If you define "Eastern Europe" as the land formerly behind the Iron Curtain then Lithuania is a veritable gold mine for poetry. An excellent collection is Raw Amber, published in 2002 by Poetry Salzburg. It features poetry by Kazys Bradunas (born 1917), Alfonsas Nyka-Niliunas (1919), Jonas Mekas (1922), Birute Pukeleviciute (1923), Vytautus Bloze (1930), Marcelijus Martiniaitis (1936), Tomas Venclova (1937), Judita Vaiciunaite (1937), Sigitas Geda (1943), One Baliukone (1948), Nijole Miliauskaite (1950), Donaldos Kajokas (1953), Eugenijus Alisanka (1960) and Sigitas Parulskis (1965).

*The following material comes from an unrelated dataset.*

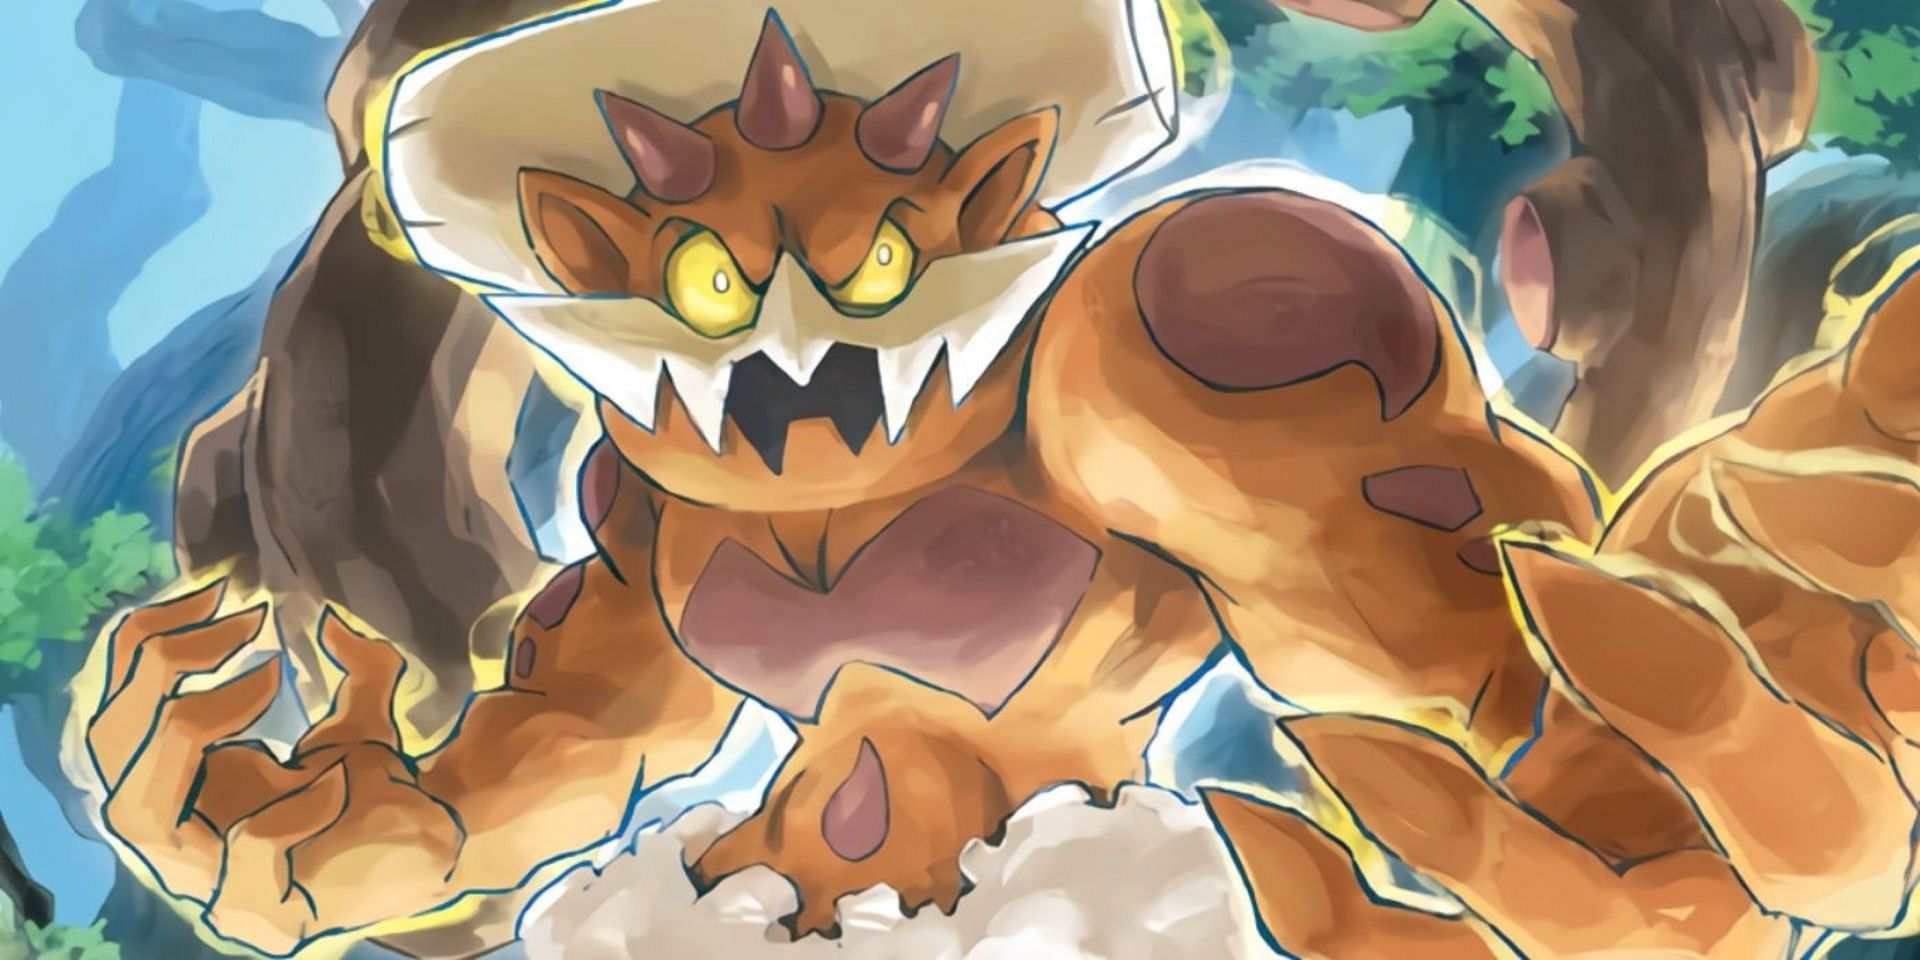 Landorus as it appears in the Pokemon Trading Card game (Image via The Pokemon Company)
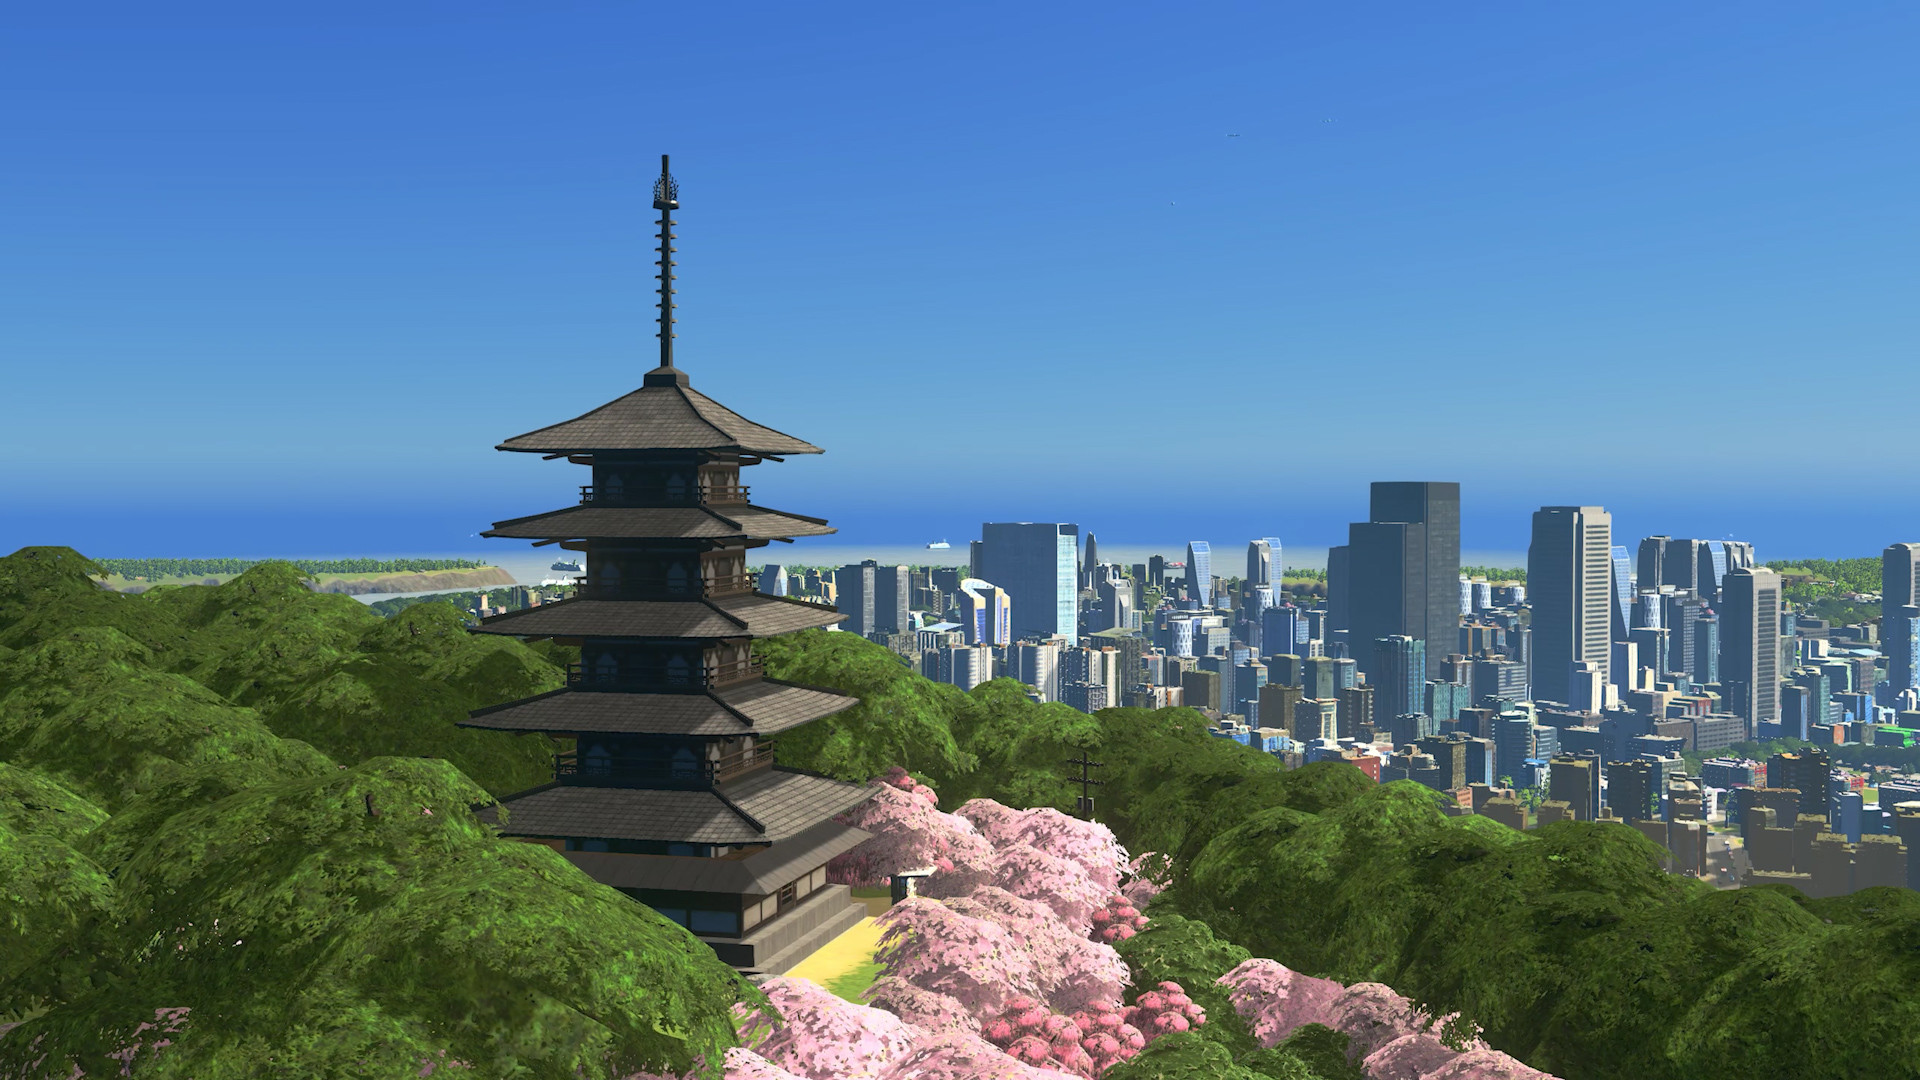 Cities: Skylines Content Creator Modern Japan -- RU

Here's a poem by the last named:
'The Name'
and when my last day comes
lay me down on a stretcher on wheels
and when you see two men in white at my head
spin me around so that they face my feet
if that doesn't help
burn down my home
pour the ashes into the river
catch a blind perch
torture him till he tells his name
till he tells how many children he has
what he had wanted to do in life
whom he had wanted to outwit
and after he had lost his sight
what he had talked about
drunk at the pub
and who he mugged in the dead of night
under the bridge
who he scared to death
what signs he saw in the skies
then hid from the blind
if the perch reveals my name
chop off the legs of the bed
that will make it so much easier
to carry me through the door

Gwil W said...

Another good selection from Poetry Salzburg is Dreams of Fires 100 Polish Poems 1970-1989, which is the period leading up to the period you are interested in. I like this from Adam Ziemianin. It's the 99th poem of the 100,-
'Prayer for My Age'
You who taught the funny jackdaws to fly
You who are both of this world
and not of it
You who fill the apartments
with spring light
You who gave us
the hard commandments
Deliver today
from hatred
My heart my eyes
my thoughts

The other poets are Jan Krzysztof Adamkiewicz, Josef Baran, Urszula Malgorzata Benka, Katrazyna Borun, Kazimirez Brakoniecki, Anna Czekanowicz, Stanislaw Esden-Tempski, Anna Janko, Zdzislaw Jaskula, Zbiginiew Joachimiak, Aleksander Jurewicz, Andrzej Kaliszewski, Krystyna Lars, krzystof Lisowski, Anotoni Pawlak, Jan Sochon, Piotr Sommer, Andrzej Szuba, Wladyslaw Zawistowski, Adam Ziemianin.
Perhaps many of these and the Lithuanian poets (above) are still writing. Maybe they even have their own blogs? A lot to go at in those two countries anyway, even if Hungary is a bit of a poetic wilderness at the moment. Or maybe it isn't. Maybe they're not all vandalising Parliament, the Chain Bridge and Slovakian border towns. Maybe there are some Magyar voices singing in the wilderness.

George S said...

Thanks for the comments. Picking this up in an internet cafe in London so can't respond, but thank you.